Bazawules Film beschränkt sich nicht auf die komplexen und oft düsteren politischen und intimen Umstände von Celie und ihrem erweiterten Familien- und Freundeskreis im ländlichen Süden des frühen 20. Jahrhunderts. Hinter der wimmelnden Geschichte steckt noch viel mehr – unter anderem das erschreckende Ergebnis von Sofias Widerstand gegen die Beleidigungen einheimischer weißer Granden; Shugs Entfremdung von ihrem Vater, dem Pfarrer der Gemeinde (David Alan Grier), weil er die Kirchenmusik zugunsten des Blues aufgegeben hatte; Harpos außereheliche Beziehungen; Celies Überlegungen zu Gewalt, um Herrn zu entkommen; die Macht eines Fluches, die Enthüllung lange unterdrückter Familiengeheimnisse und die wiederhergestellte Verbindung zwischen schwarzen Amerikanern und dem modernen Afrika. Das Drehbuch von Marcus Gardley entfaltet die Geschichte unter Berücksichtigung ihrer thematischen und metaphorischen Dimensionen – die umgebenden Bedrohungen durch Lynchmorde und den Einsatz brutaler Inhaftierung als rassistische Herrschaft in der Jim-Crow-Ära; die mystische und quasi-metaphysische Beziehung zur Natur, die Teil des Landlebens ist; die starke kollektive Erinnerung an die Versklavung, die von Generation zu Generation weitergegeben wird; die Verbindung der amerikanischen weißen Vorherrschaft mit der europäischen Kolonialpolitik und die Deformation bürgerlicher Institutionen, um sie aufrechtzuerhalten.

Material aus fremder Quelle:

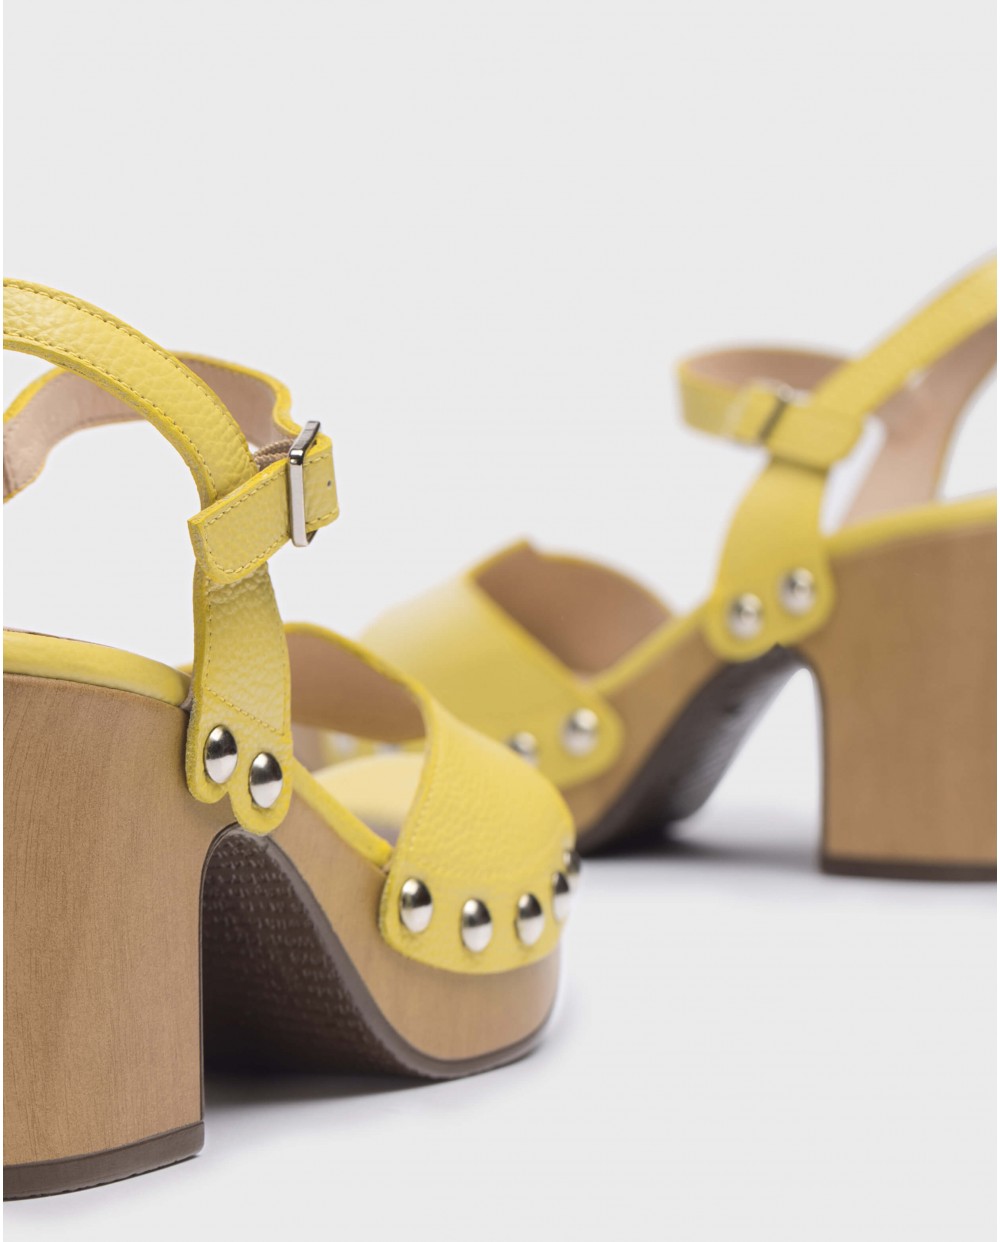 Wonders-Sandals-Yellow Lexi shoe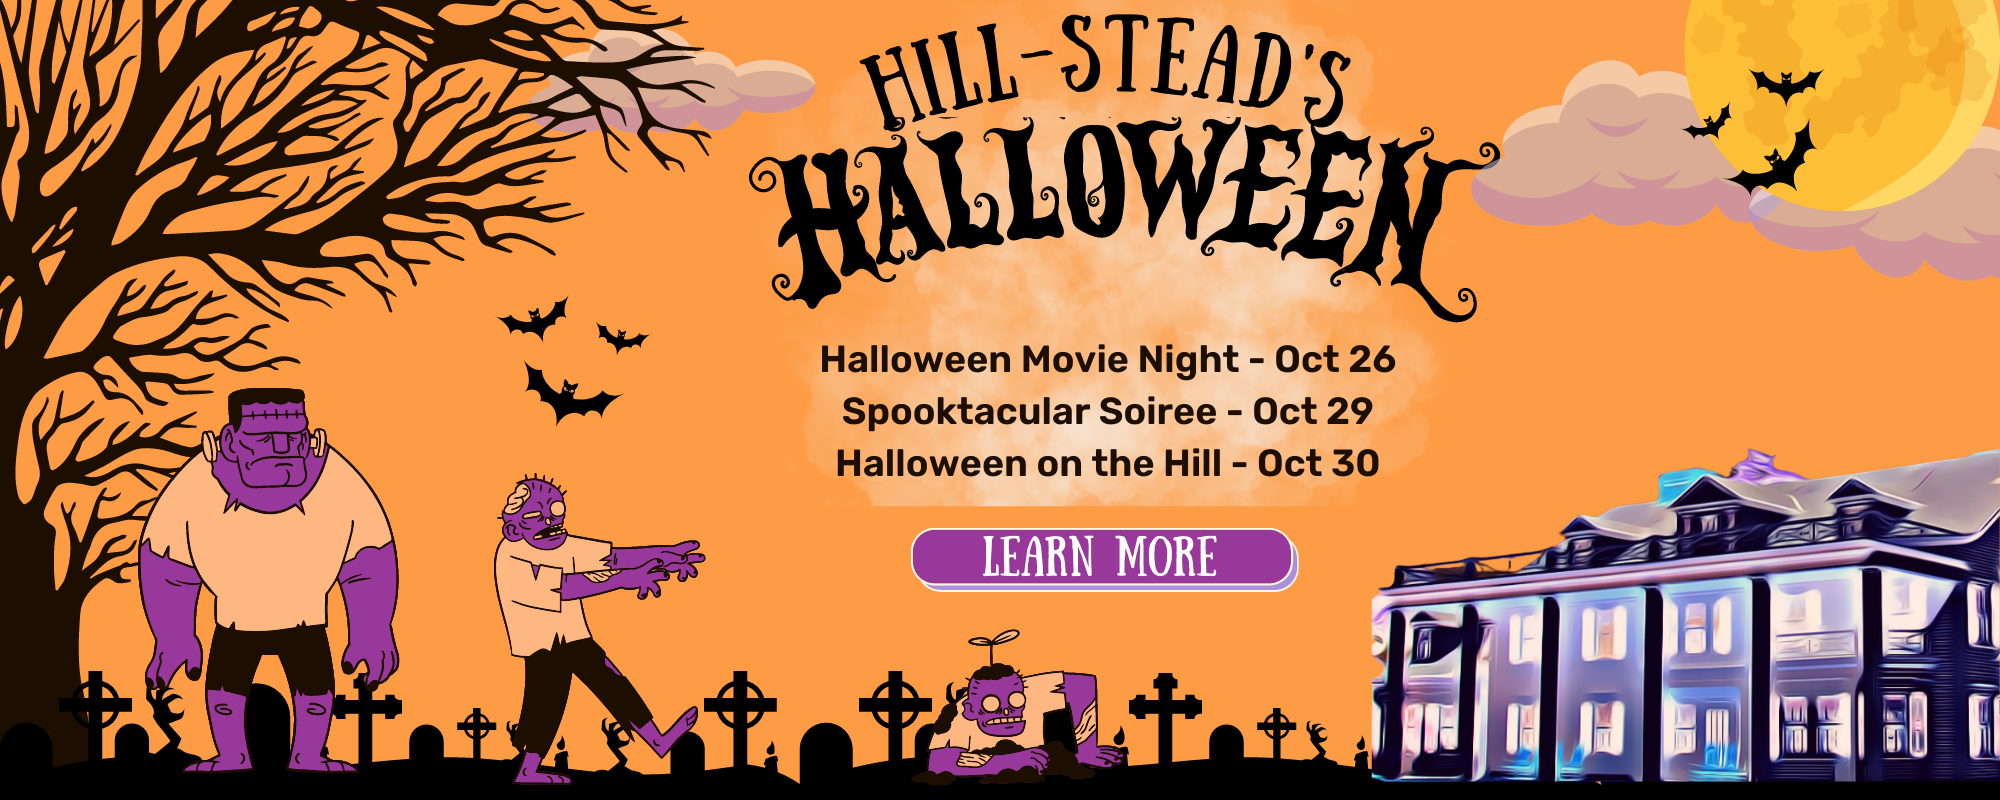 Halloween celebration at Hill-Stead

Mit den raffinierten Ausschmückungen seiner scharfsinnigen Regie bringt Bazawule Vorfälle und ihre Auswirkungen deutlich zur Geltung; Er zeigt eine Eleganz und einen Überschwang, die lange Schatten haben, und umrahmt raue Sachlichkeiten und intime Gesten mit inbrünstigem Einfühlungsvermögen und lyrischer Anmut. Szenen der Fantasie und Fantasie – wie wenn sich Misters Haus mit mehreren Celies füllt und wenn sie sich einen Film mit Shug (mit einer rein schwarzen Besetzung, Teil des aufkeimenden schwarzen Kinos der Ära) ansieht und sie sich auf der Leinwand vorstellt – spielen sich ab Innere Monologe in Aktion. Was die Musiknummern angeht, geht Bazawule weit über die Konventionen der jüngsten Hollywood-Normen hinaus und verleiht ihnen den Stil, der zu ihrer Energie passt. Er ist ein langjähriger Musiker (tritt als Blitz the Ambassador auf) und seine Verfilmung der Produktionsnummern (choreografiert von Fatima Robinson) verwandelt sie in eine Art visuelle Musik, reich an rhythmischer Vielfalt, kontrapunktischer Bewegung und sogar so etwas wie Phrasierung – besonders in Mehrere Gesangs- und Tanzspektakel mit langen und anmutigen Einstellungen, bei denen die Komplexität nicht in bloß zur Schau gestellter Virtuosität (wie in Spielbergs „West Side Story“), sondern in dynamisch-lyrischer Geometrie mit scharfen Linien und geschwungenen Kurven liegt.